Assignment:
What you return must match the listing below character for character, minus any pictures.

Collected material:
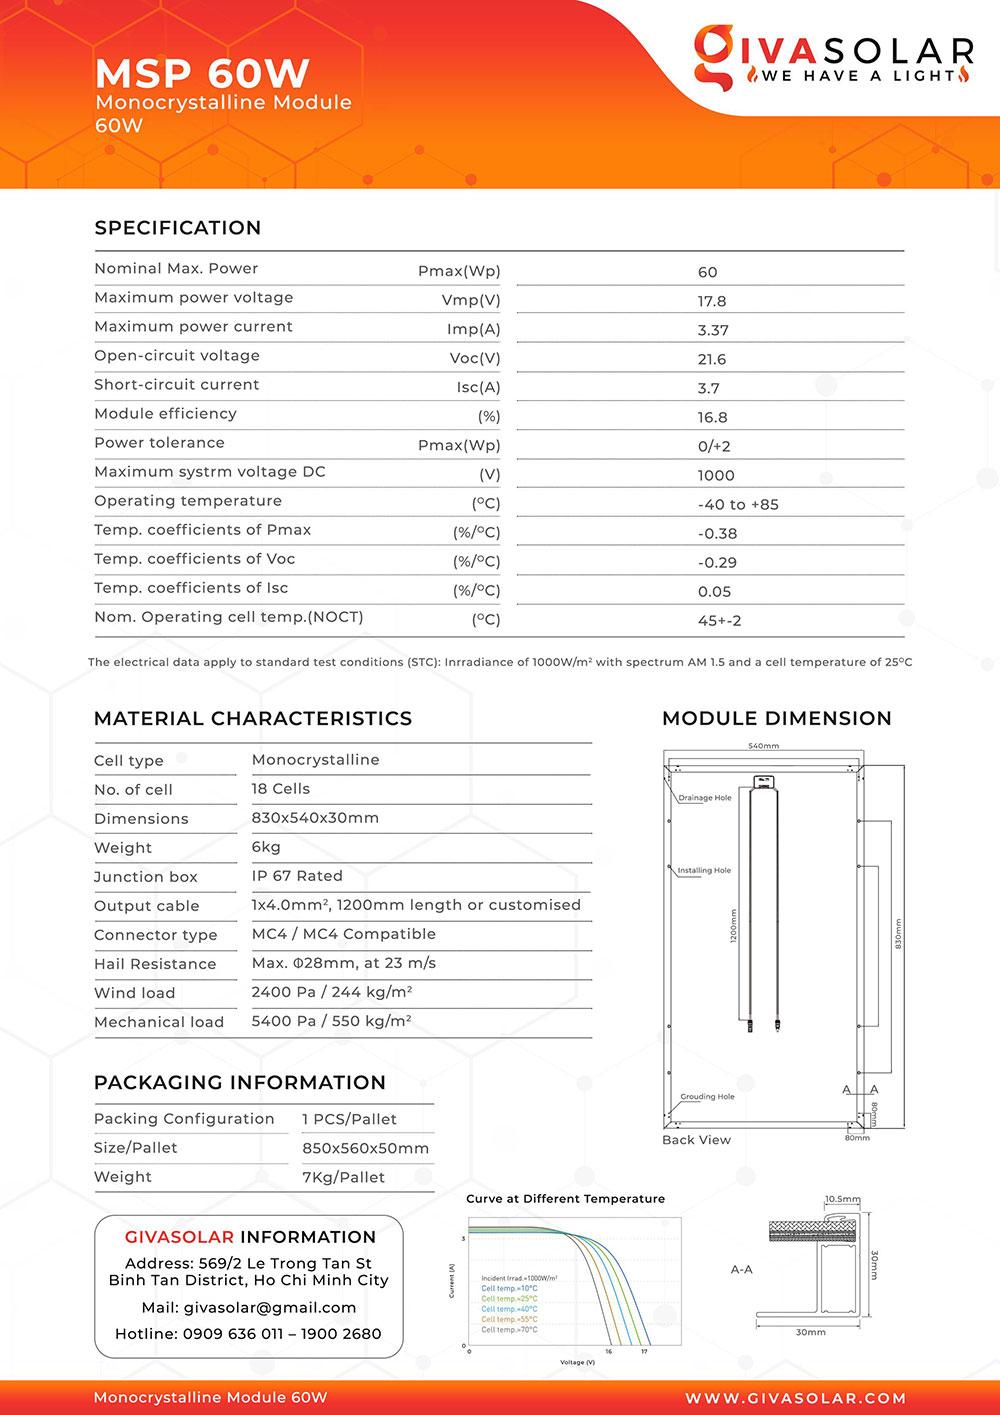 Mono MSP-60W Solar panel brochure 2
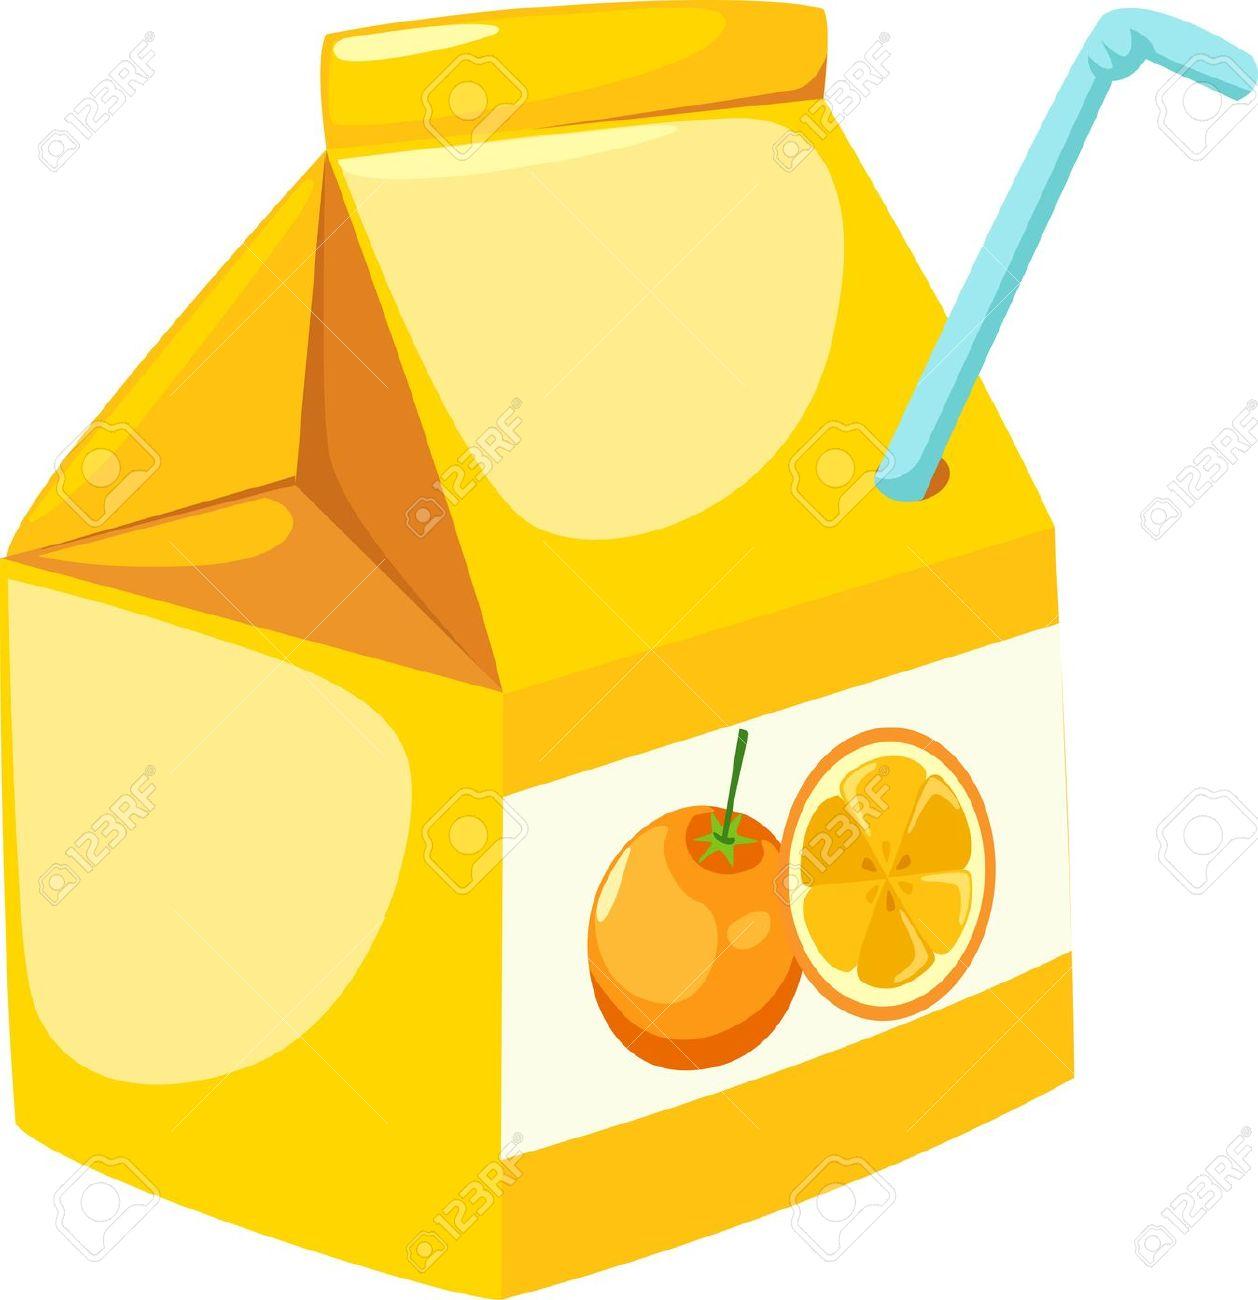 Orange Juice Bottle Clipart.
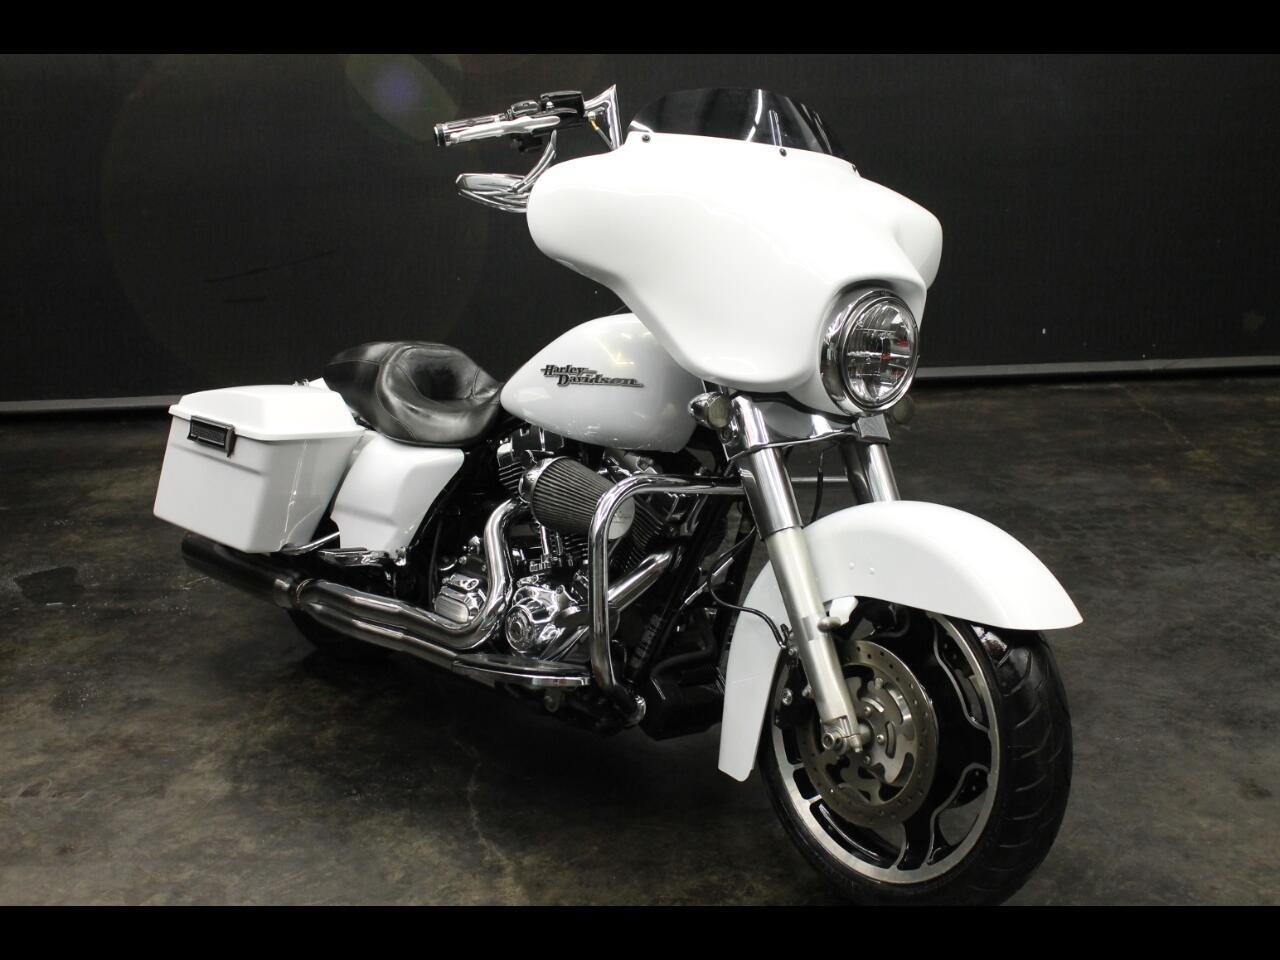 2012 Harley-Davidson FLHX Street Glide Custom

Expected output:
 Mono MSP-60W Solar panel brochure 2
 Orange Juice Bottle Clipart.
 2012 Harley-Davidson FLHX Street Glide Custom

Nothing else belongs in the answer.